NAU orientations, camps draw yearlong flow of visitors and dollars to Flagstaff

Erica Brooks family
Freshman Erica Brooks, second from left, is flanked by family who traveled from Pennsylvania, New York and Scottsdale to help get her settled in for her first semester at NAU. Photo by Gretta Miller

Flagstaff locals can feel the difference in late summer as the temperatures start to slide and the population increases by nearly 20,000 Northern Arizona University students. But less apparent is that throughout the year, the equivalent of a small town comes to campus, often for stays of more than a day.

In fiscal year 2013, which ended in June, hard numbers and forecasts add up to more than 32,000 visitors to Flagstaff for campus business such as tours, orientations and youth camps.

The revenue to NAU alone exceeded $2 million, so it doesn’t take much imagination to hear the cash registers ringing as families stay, eat and shop in town while the kids check out campus or perfect their soccer technique. A study by the Arizona Rural Policy Institute at NAU estimated that visitors of all types to NAU spend $78 million a year in Coconino County, mostly in Flagstaff—and that was three years ago.

“These activities may not draw a lot of attention from the community, but they do bring in plenty of people,” said NAU associate vice president Jane Kuhn. “Events on campus, from weeklong camps to daily tours, clearly have an impact on the local economy.”

Freshman Erica Brook, of Long Island, N.Y., came to campus in August for a two-day freshman orientation session and was joined by her mother, brother and six other extended family members.
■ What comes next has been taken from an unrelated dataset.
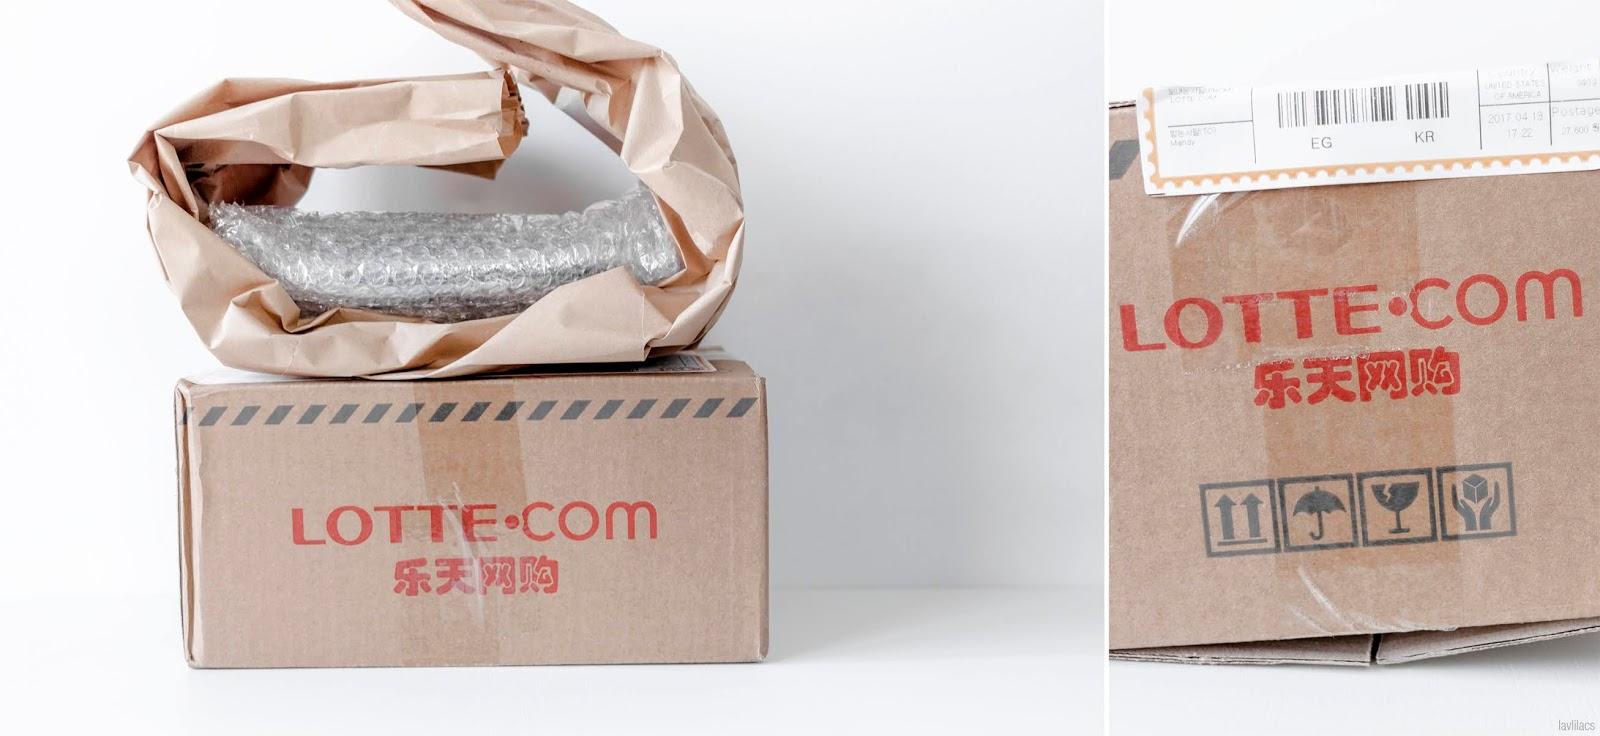 lavlilacs April 2017 haul - Global Lotte EMS packaging

“We’re a very close family and we all wanted to be a part of this,” said Brook’s cousin, Hayley Conboy, whose family of four made the trip from Pennsylvania. She and her husband, Brian, met as NAU undergrads in the ’90s and were eager to share their excitement for their alma mater. “We have so many great memories of our time here as students. A lot has changed since then, both on and off campus, but it’s been so much fun discovering it all.”

Brook’s mother, Heidi, said making the trek to Arizona from New York meant they couldn’t bring along everything they wanted. So they spent a lot of time shopping locally to set up Erica with everything she might need for her dorm room, classroom and to get around campus. That included school supplies and books, new bedding, decorations and cleaning supplies, a new bike, a skateboard and lots of winter gear.

“We all enjoyed eating out at the local restaurants, and we also made a visit to Lowell Observatory,” she said “We even checked out a local storage company in anticipation of Erica’s move home next summer.”

Conboy’s parents, Marty and Shelly Kornbluth, also joined them from Scottsdale. While Erica got settled in on campus, the rest of the family settled in for four nights at a local hotel.

“I would come back to NAU in a second if I could,” Conboy said. “I can see why people live here.”

Emotional ties may not be the primary draw for all visitors, but the lure of Flagstaff shows up clearly in the numbers. Camps for youth sports, education, music and other interests led to more than 70 events and 8,300 attendees in FY13.

On the academic side, 10 orientation sessions in May and June drew 4,017 students plus 5,601 parents and guests; a total of 1,950 were registered for August sessions. In all, 23,660 students and guests participated in daily campus visits, Discover NAU and group tours, up from 18,599 in fiscal year 2012.